If firmware is not software, what is it?
Firmware can include:
Jump tables relating to hardware.
Model and revision numbers.
Serial Numbers
Coded Trade Secrets
Data required for specific actions
Secret data having nothing to do with the operation of the equipment that is placed there for product marking for copyright protection.
Software that instructs hardware to do specific actions
Anything else the firm that creates the hardware and firmware wants.

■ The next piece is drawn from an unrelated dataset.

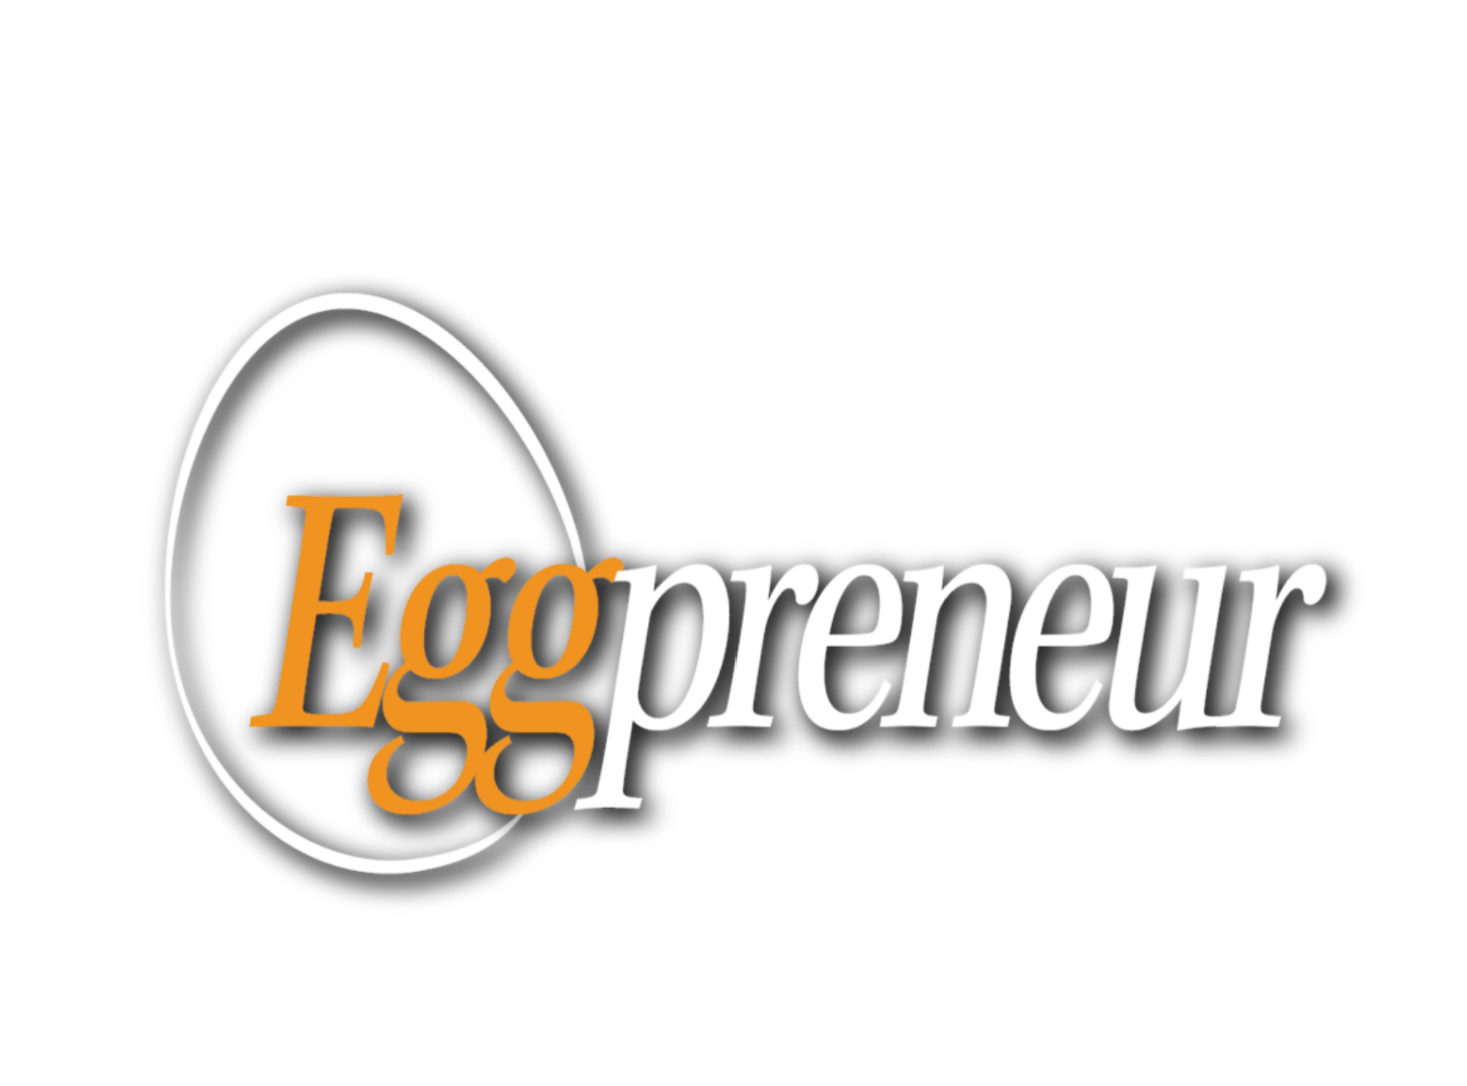 Eggpreneur
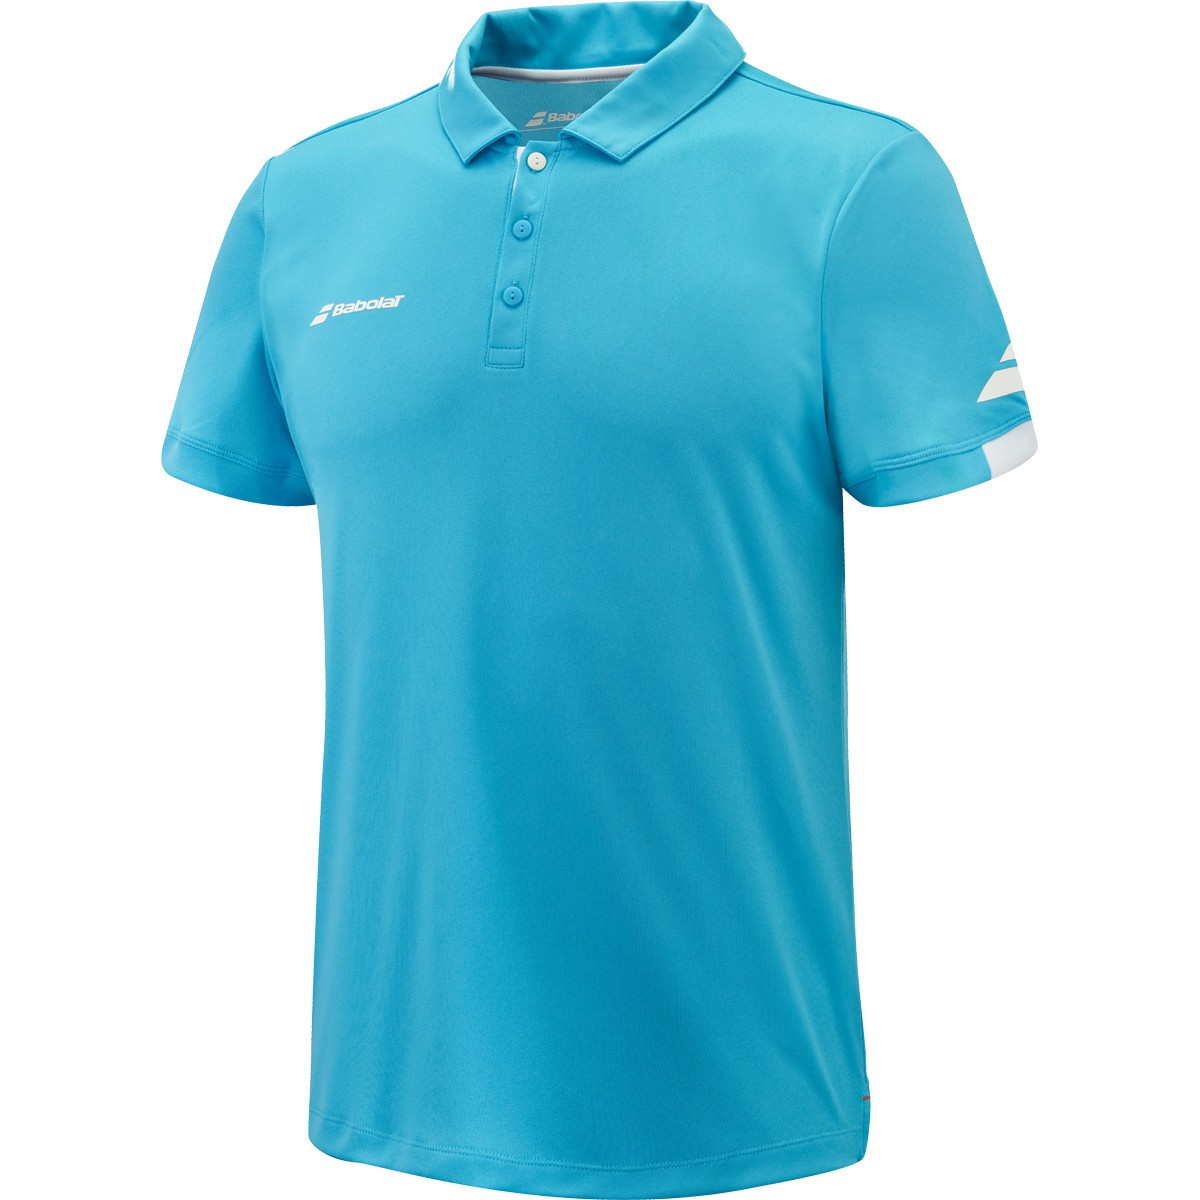 Теннисная футболка мужская Babolat Play Polo Men cyan blue/white поло

It can be hard-coded into a piece of hardware... as was the case of the ROM, not PROM, or EPROM, or EEPROM, installed on the original IBM-PCs, which IBM burned at their chip foundry. It became a piece of hardware, a black box, so to speak, which took input and provided specific output for certain input. Compaq hired a team of 18 engineers, some of whom did indeed take a BIOS ROM from a working IBM-PC and map the inputs provided by an IBM-PC and make a second related map of the output sent to the IBM-PC. This chart of input = output was then handed to a team who had not touched the BIOS ROM who then REVERSE ENGINEERED a set of instructions that duplicated the output with the given input. They then burned that data to their own piece of hardware, a COMPAQ BIOS ROM.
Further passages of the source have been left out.